**WHAT THE EXERCISE ASKS:** Reproduce the lines below exactly, from the one containing "Mountain sandals Skechers" through the one containing "La Sinistra nella storia italiana.", both included. Leave out any pictures.

**PROVIDED DATA:**
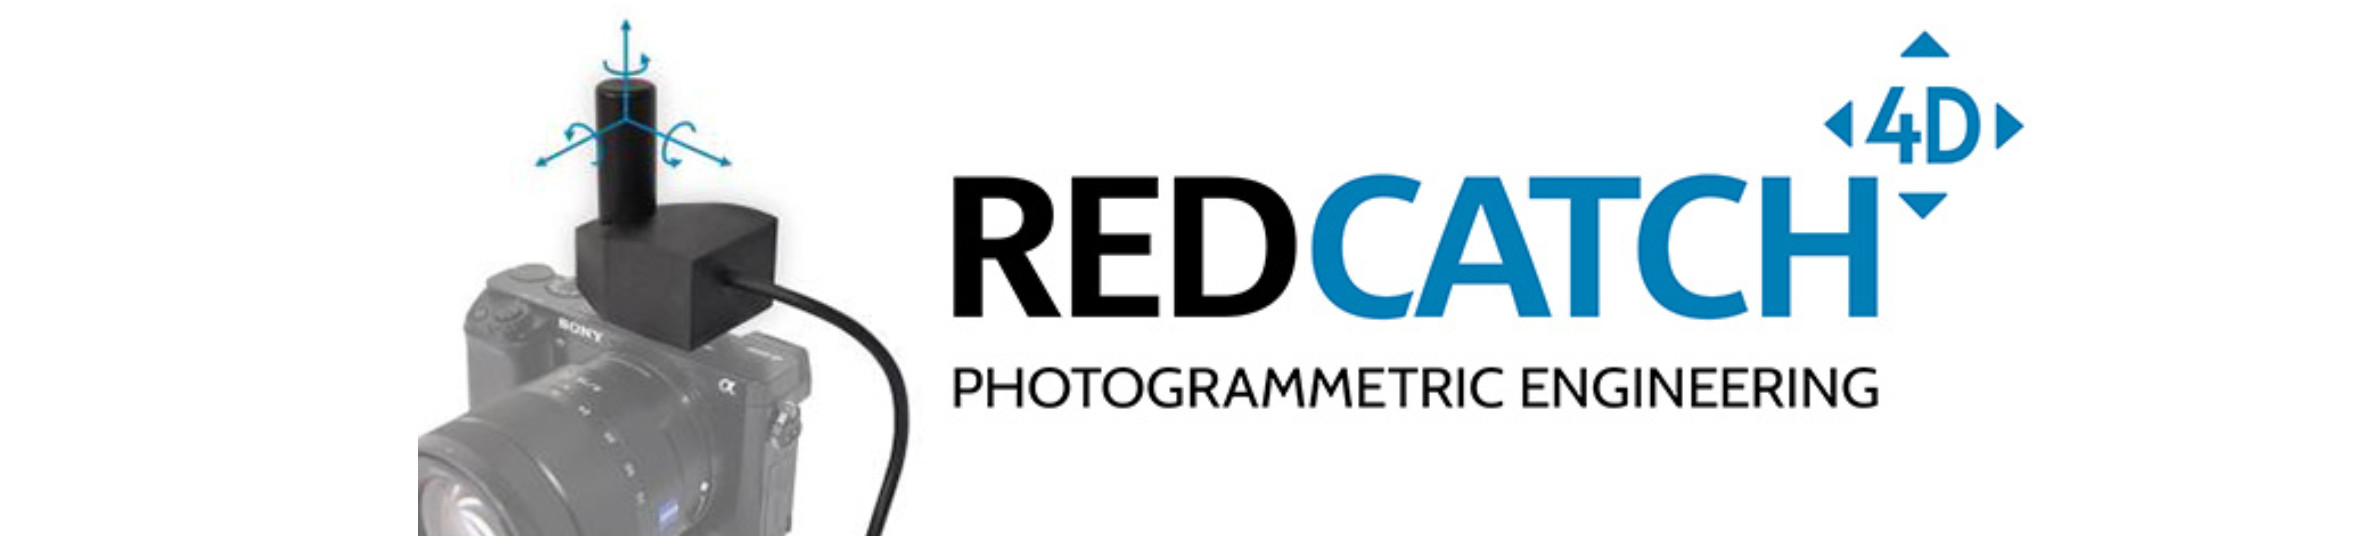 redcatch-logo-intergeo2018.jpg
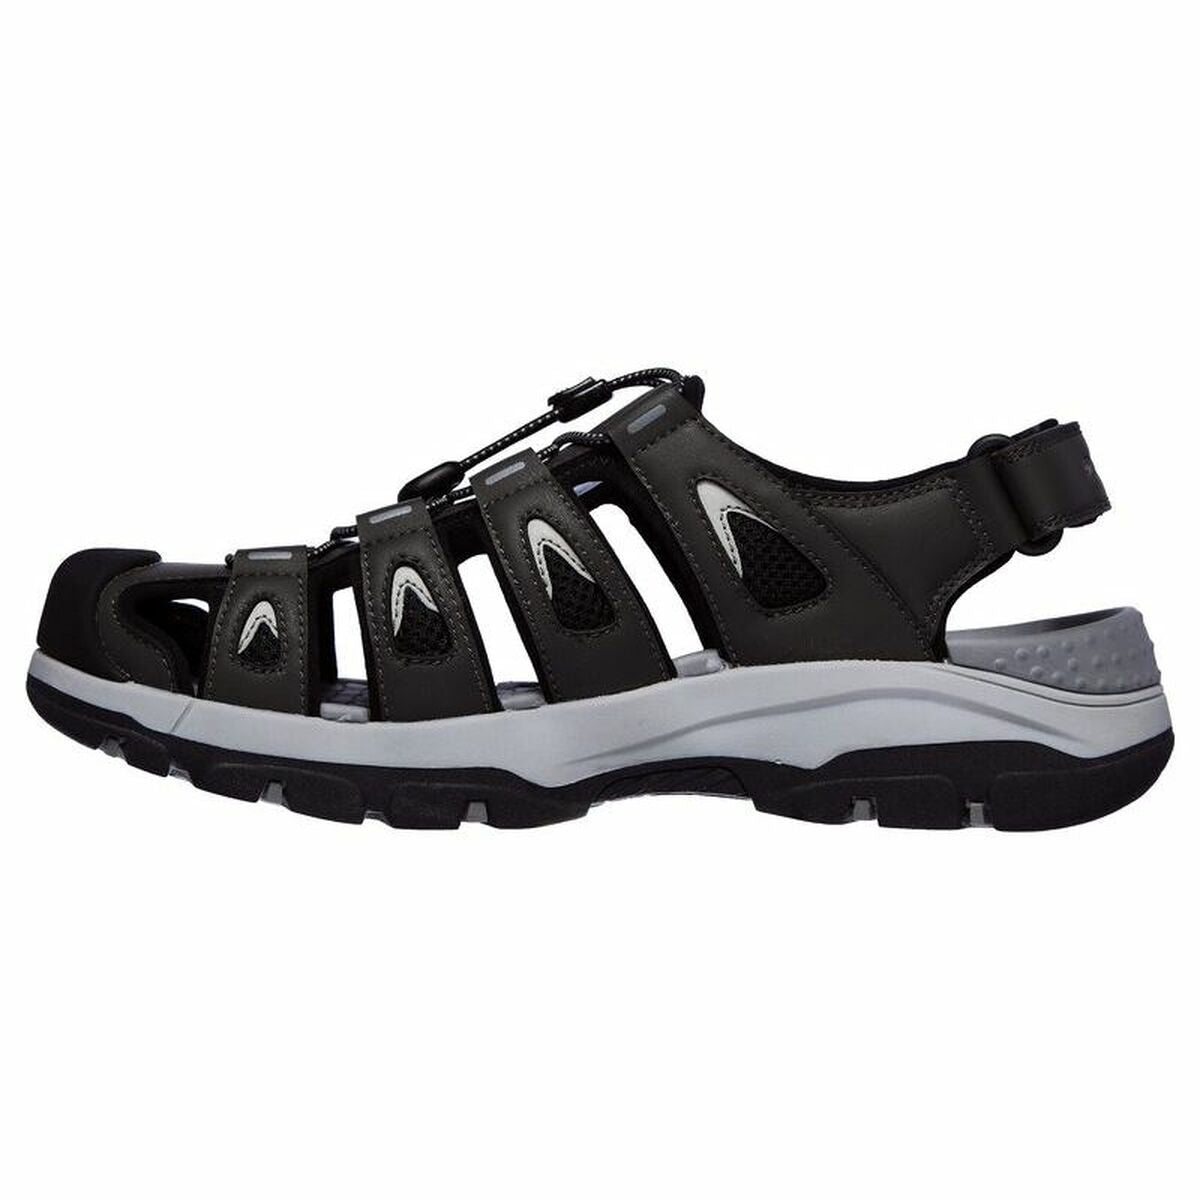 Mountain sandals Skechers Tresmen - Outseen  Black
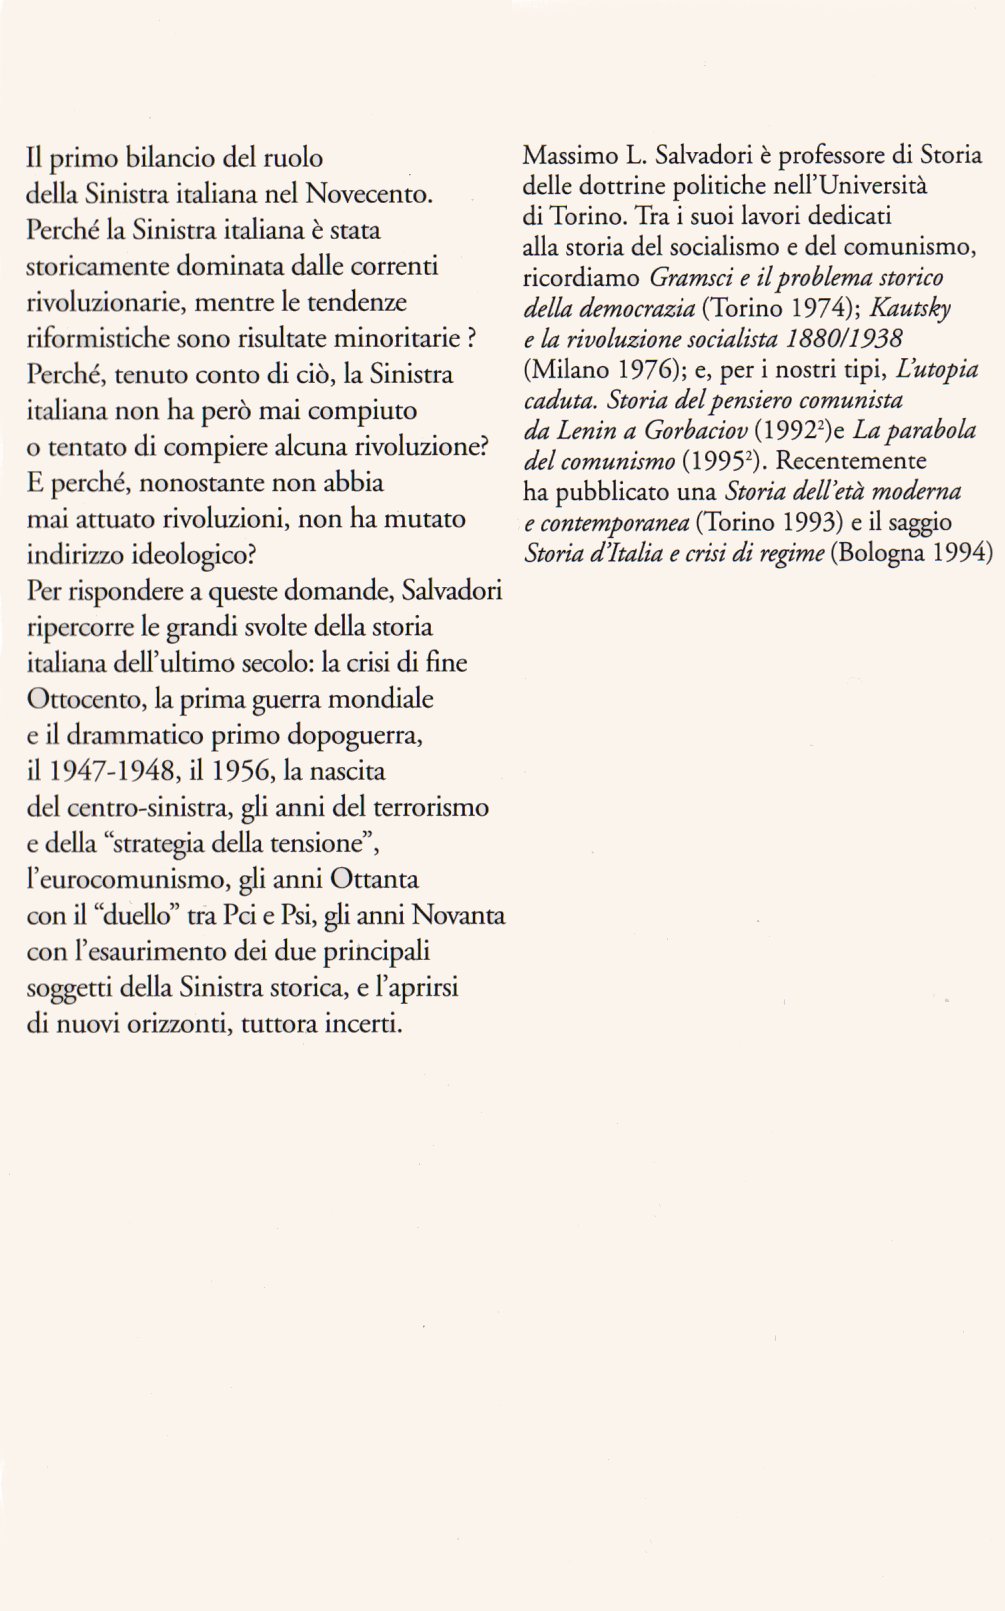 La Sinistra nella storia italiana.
--
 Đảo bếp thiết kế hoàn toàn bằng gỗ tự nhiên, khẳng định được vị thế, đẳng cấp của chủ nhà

**ANSWER TO THIS TASK:**
 Mountain sandals Skechers Tresmen - Outseen  Black
 La Sinistra nella storia italiana.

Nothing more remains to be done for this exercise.